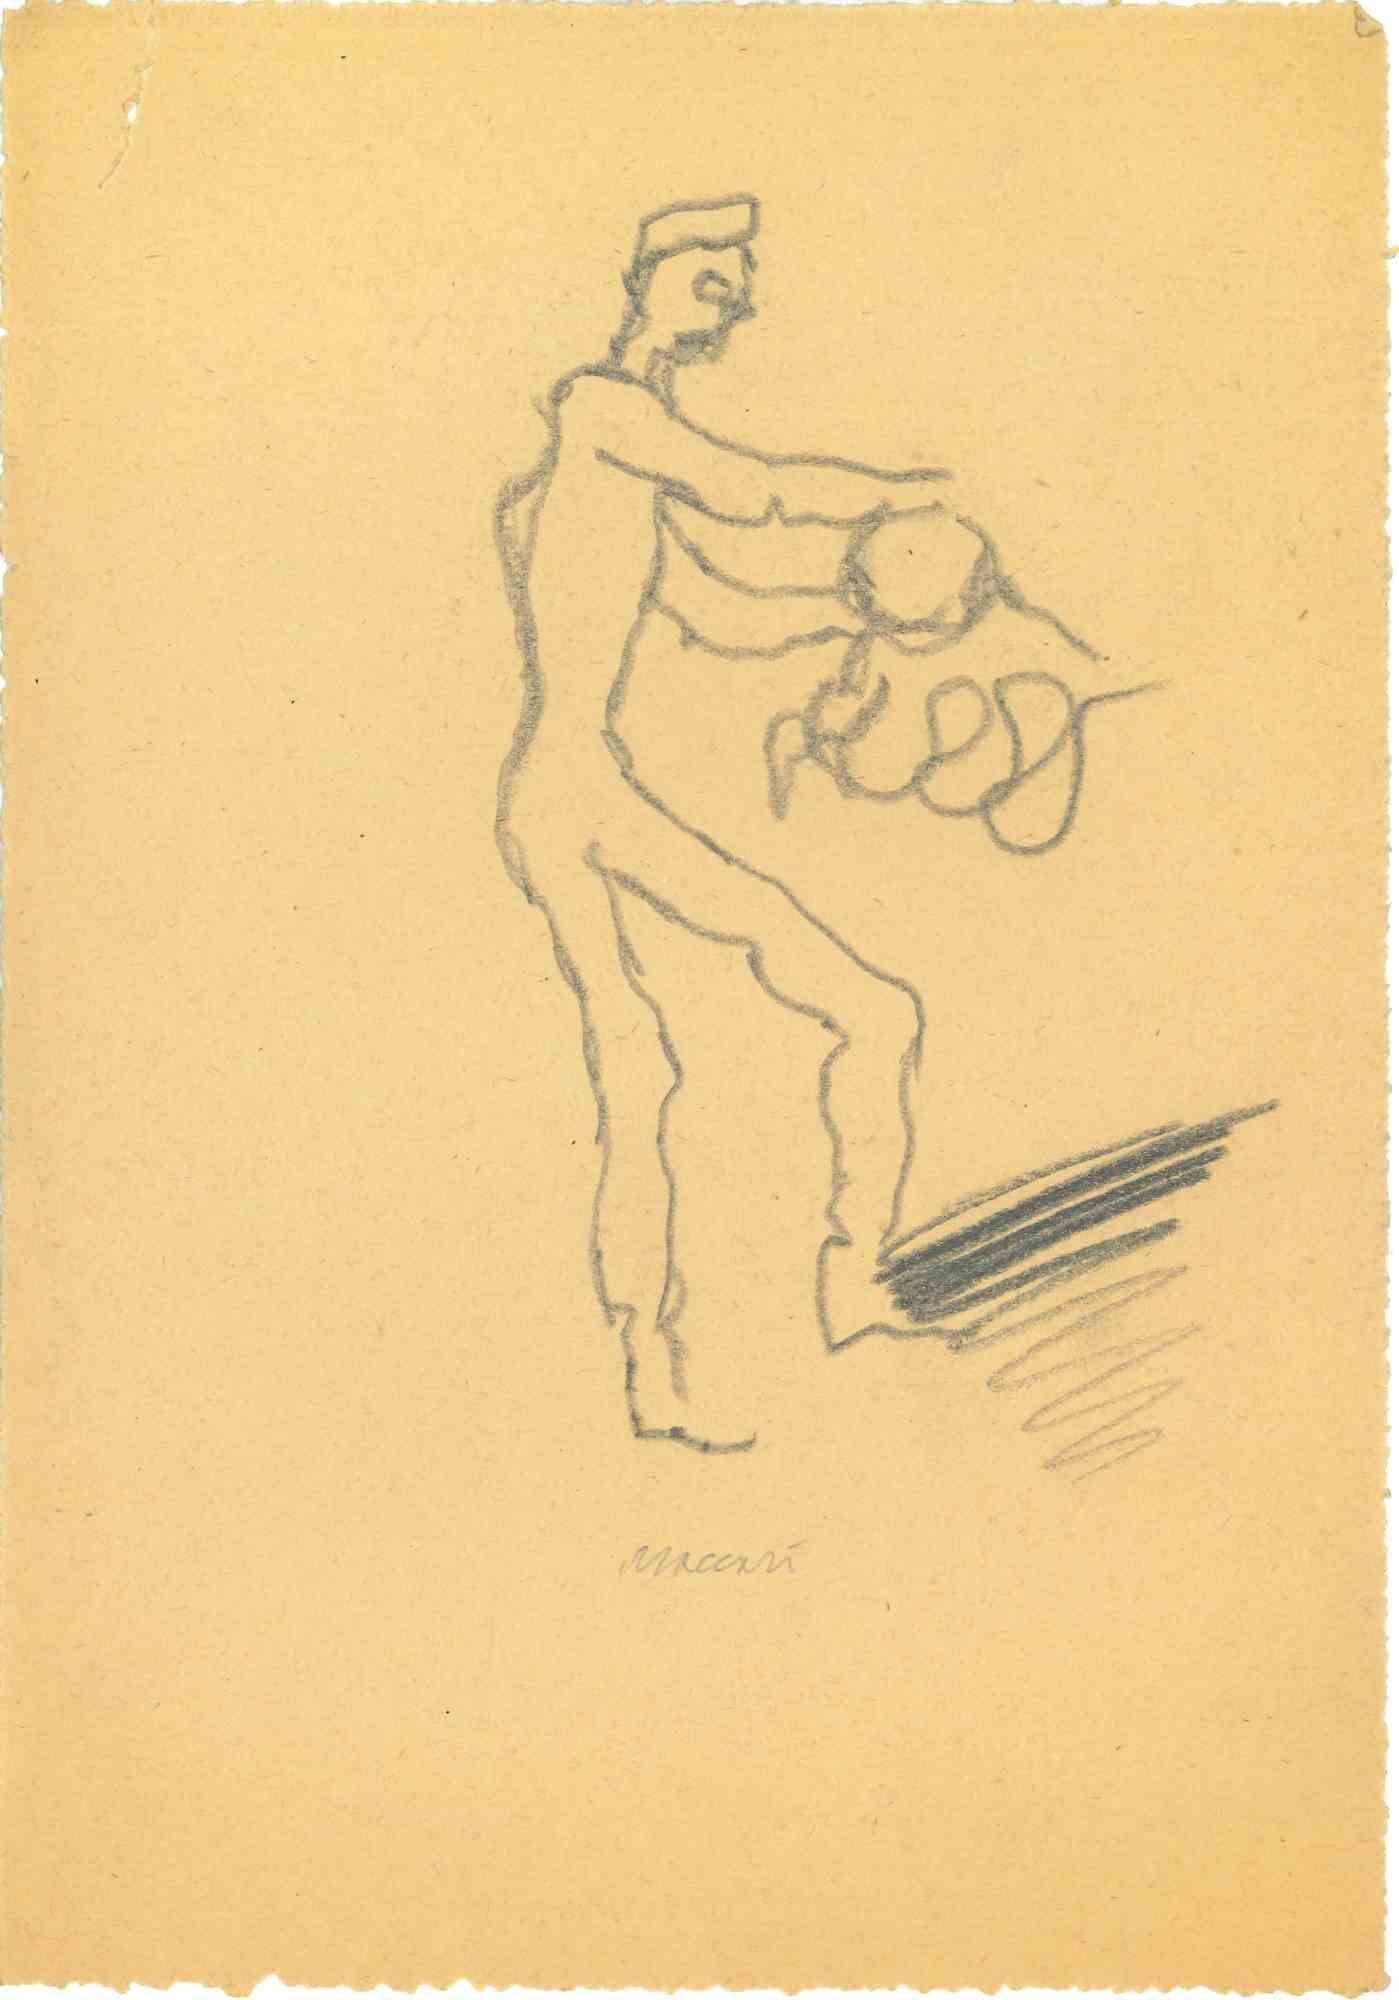 Playing est un dessin au fusain réalisé par Mino Maccari (1924-1989) au milieu du 20e siècle.

Signé à la main.

Bon état avec de légères rousseurs.

Mino Maccari (Sienne, 1924-Rome, 16 juin 1989) est un écrivain, peintre, graveur et journaliste
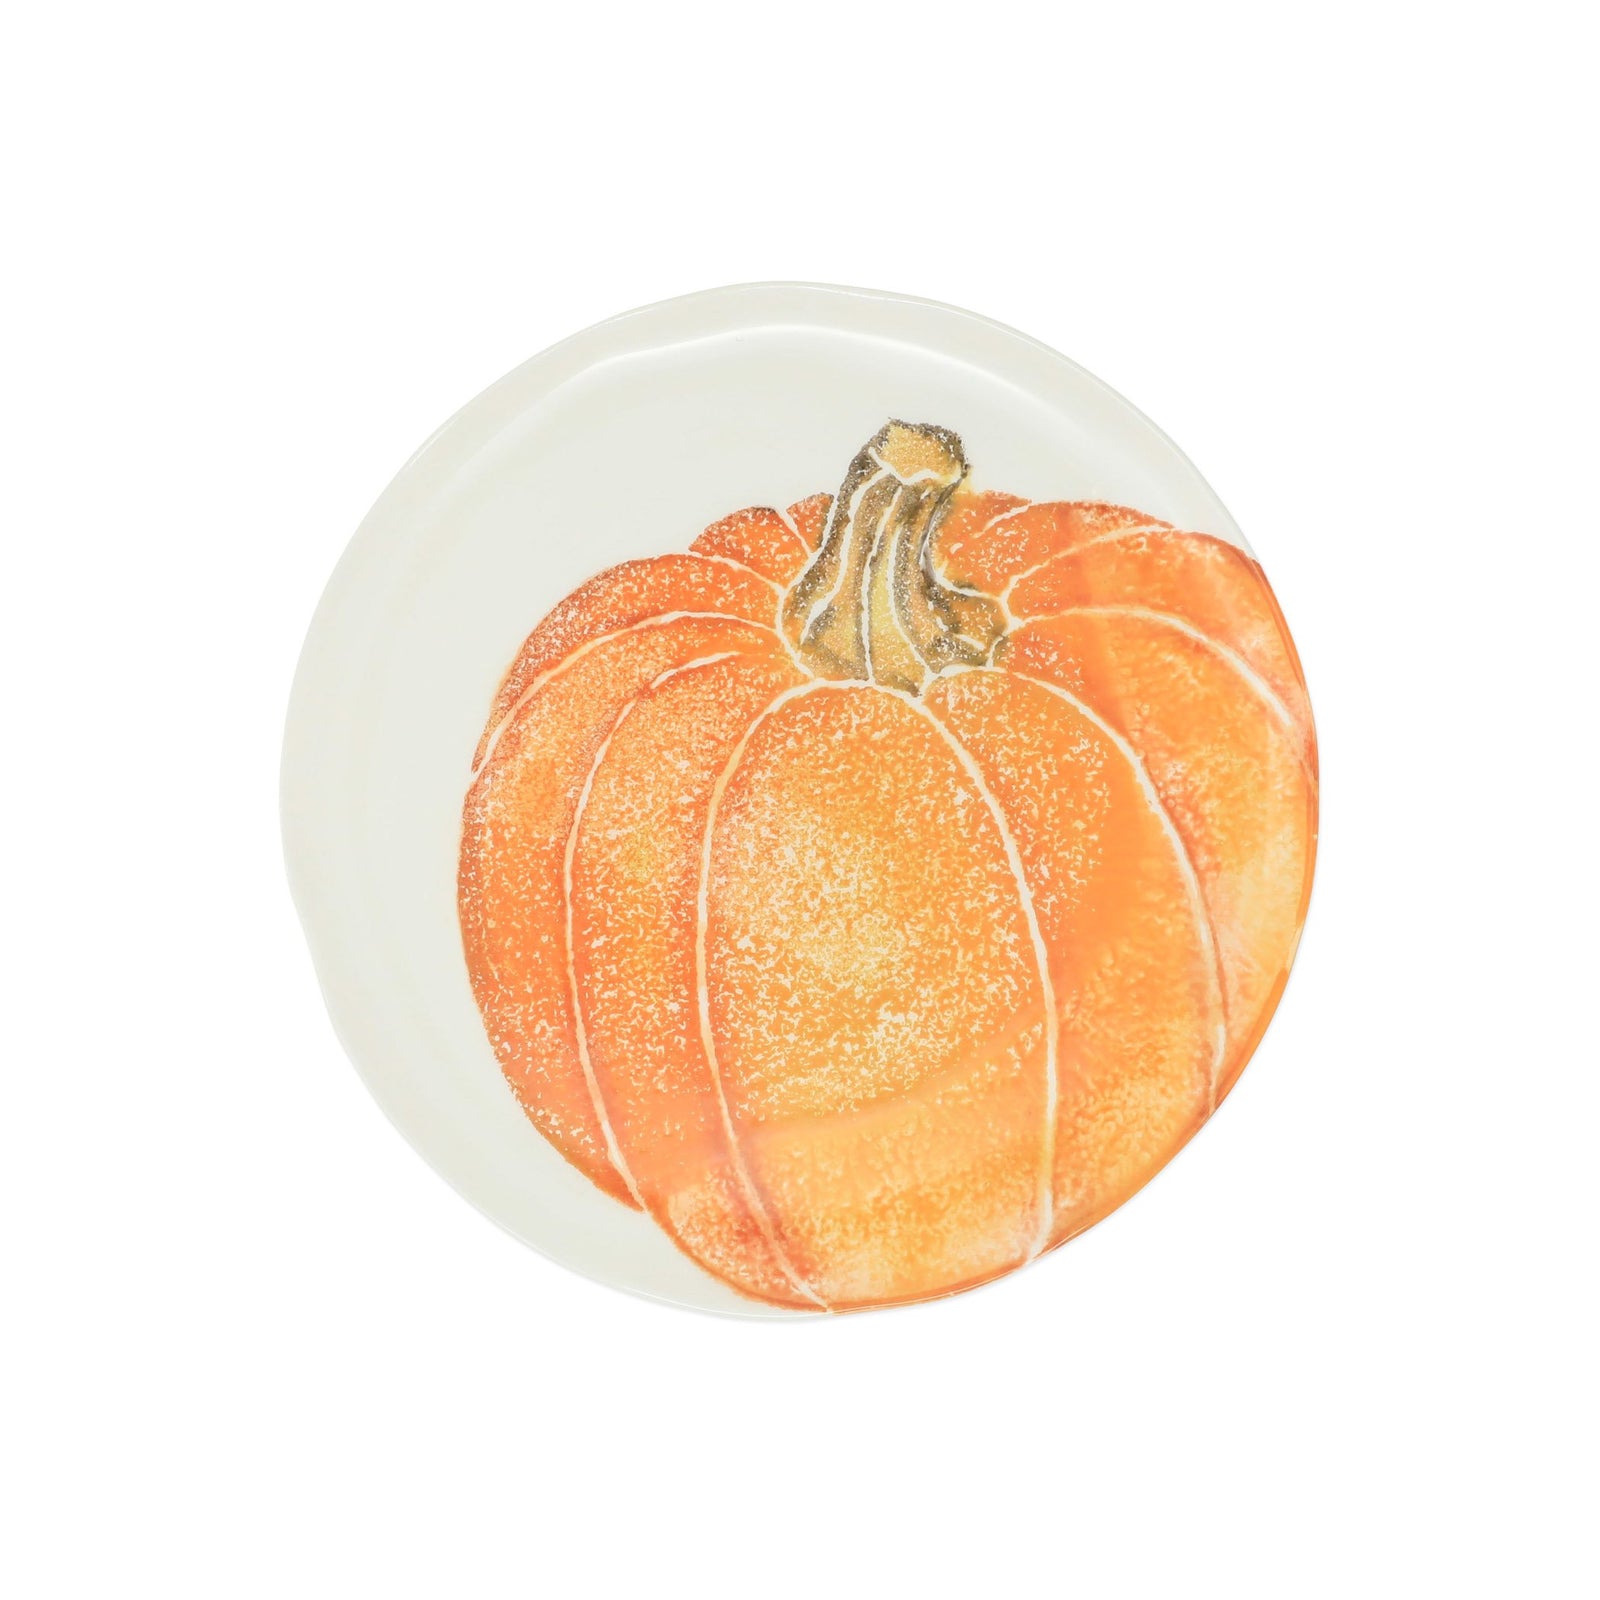 VIETRI: Pumpkins Salad Plate - Orange Medium Pumpkin - Artistica.com
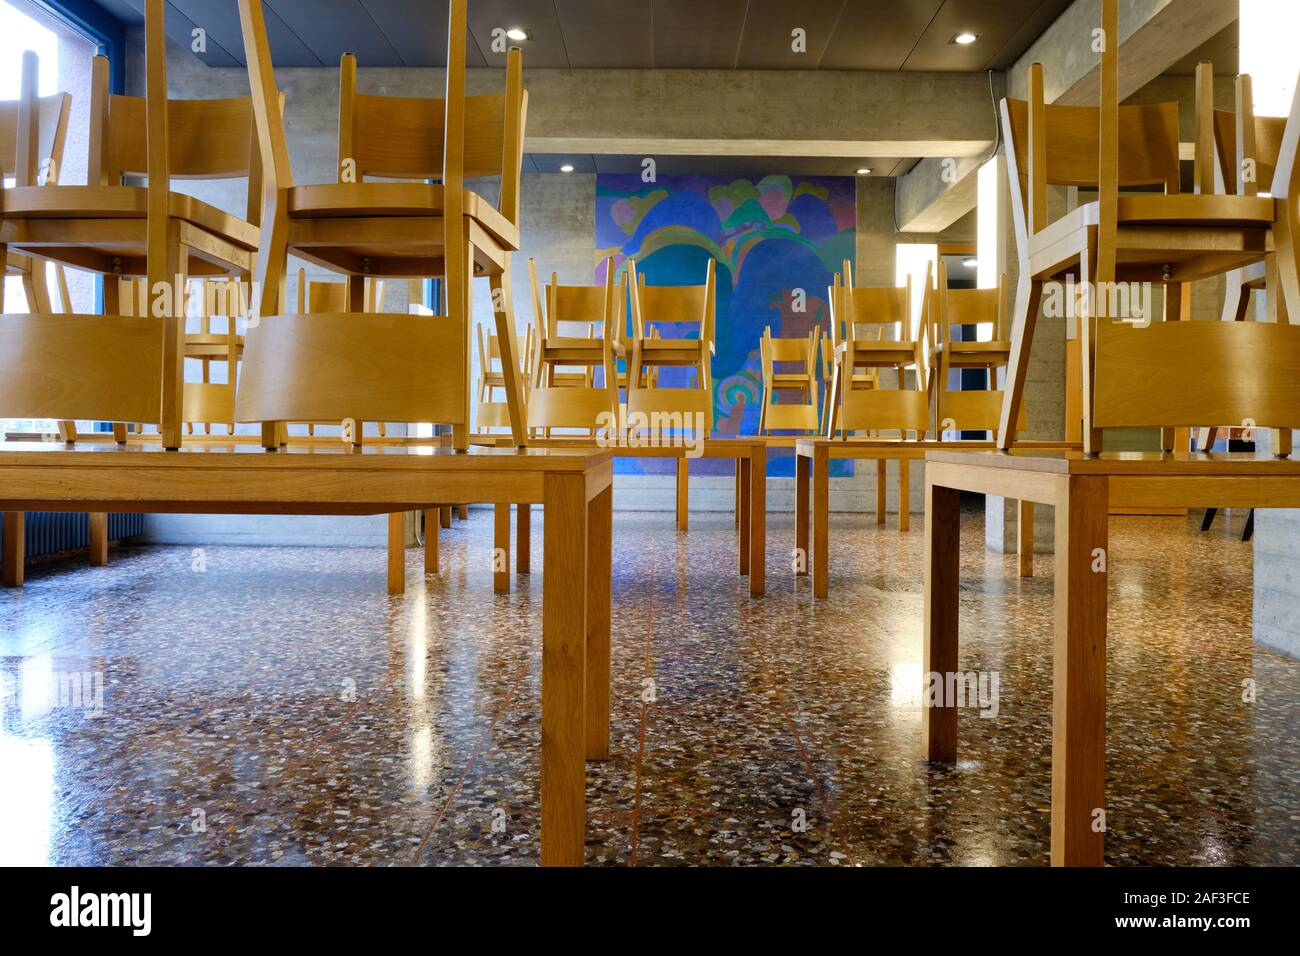 Type d'école cafétéria coin repas avec toutes les chaises posées sur les tables pour le nettoyage des sols Banque D'Images

──────────────────────────────

Set the records down again word for word; the pictures stay out.

 Playing est un dessin au fusain réalisé par Mino Maccari (1924-1989) au milieu du 20e siècle.

Signé à la main.

Bon état avec de légères rousseurs.

Mino Maccari (Sienne, 1924-Rome, 16 juin 1989) est un écrivain, peintre, graveur et journaliste
 VIETRI: Pumpkins Salad Plate - Orange Medium Pumpkin - Artistica.com
 Type d'école cafétéria coin repas avec toutes les chaises posées sur les tables pour le nettoyage des sols Banque D'Images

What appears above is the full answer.